Issue 42: Unicode, computers go international

Unicode is an encoding format which is meant to support every language, ever. Most websites, apps, and interfaces support it today.

Issue 43: Images, a mosaic of 3 colours

Colour is stored as a combination of red, green, and blue. In a computer system, each

Issue 44: Image resolution

An image’s resolution describes its dimensions. Its pixel resolution gives an indication of its physical size (if printed or displayed on a screen), and thus its sharpness. A display with imperceptibly small pixels is often referred to as a Retina display (Apple’s branding) or as a high-PPI display; this requires at least 220 PPI nominally. For an image to be printed sharply, it needs at least 300 DPI.

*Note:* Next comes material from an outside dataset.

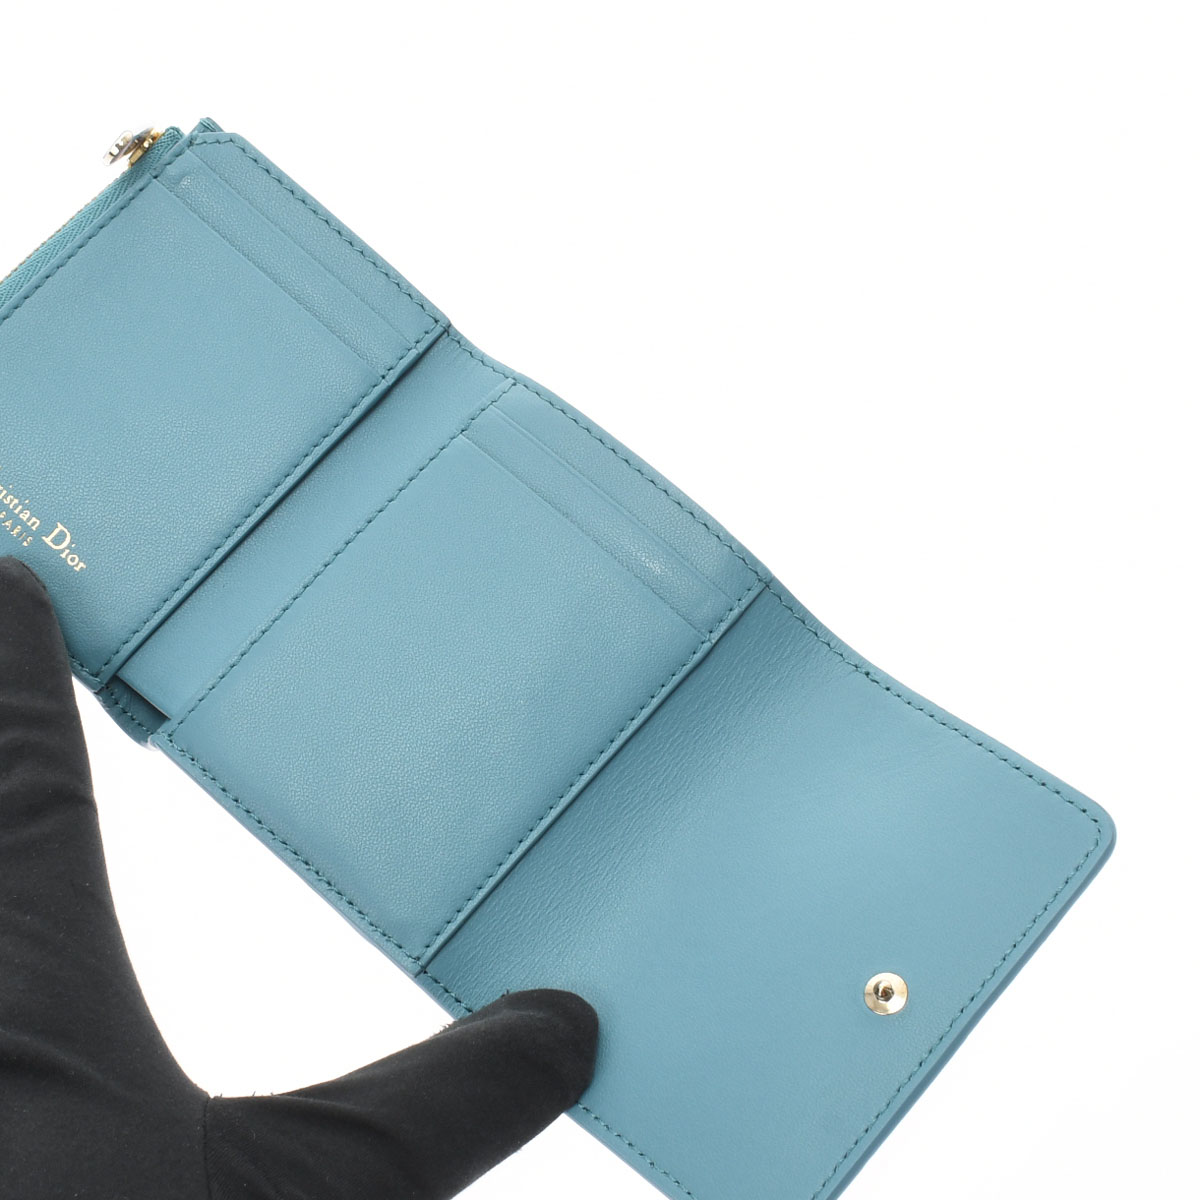 ディオール / Dior 30 MONTAIGNE ロータスウォレット 日本限定 アズールブルー S20570BAE_M08Z グレインドカーフレザー  レディース 財布 【未使用】【purse】

Issue 45: Audio, a sampling of values

Humans can distinguish 120 dB of loudness, which means the loudest perceivable sound is a million times louder than the softest perceivable sound. CD audio provides 16 bits of information per sample, sufficient to provide 96 dB. Humans have a hearing range from 20 Hz to 20 kHz. CD audio is sampled at 44.1 kHz. Uncompressed audio thus requires 705,600 bits per second, or 86 KiB/s.

Issue 46: Lossy compression

Computers compress image and audio data through a process similar to summarising: it analyses the data using algorithms that use brightness and colour instead of RGB values for images, and different frequencies of sound rather than samples at different points in time for audio. These algorithms then discard parts of the information that human senses do not perceive easily, and reduce the resolution of other parts that human senses are not as sensitive to.

Issue 47: Lossless compression

Data cannot be compressed beyond its predictability limit (Shannon entropy) in a lossless fashion. Lossless compression does not discard any information. It generally tries to spot patterns in the data, and represent those patterns with fewer bits, through a combination of predictive coding, run-length encoding, and entropy coding.

Issue 48: Of containers and codecs

A video container can hold one or more audio, video, or text data streams. To encode or decode a data stream, you need to have the necessary codec installed[^1]. Most video runs at 25 or 30 fps, with high-quality video going up to 60 fps. You can use a program like MediaInfo to help you decipher the streams inside a video container file.

Issue 49: What is a File?

A file consists of data, preceded by a file header which describes the data. Software (including operating systems) detect the kind of data contained in a file by 1) glancing at the file extension, 2) looking at its declared MIME type (if any), and 3) checking the file header, in order of difficulty and accuracy.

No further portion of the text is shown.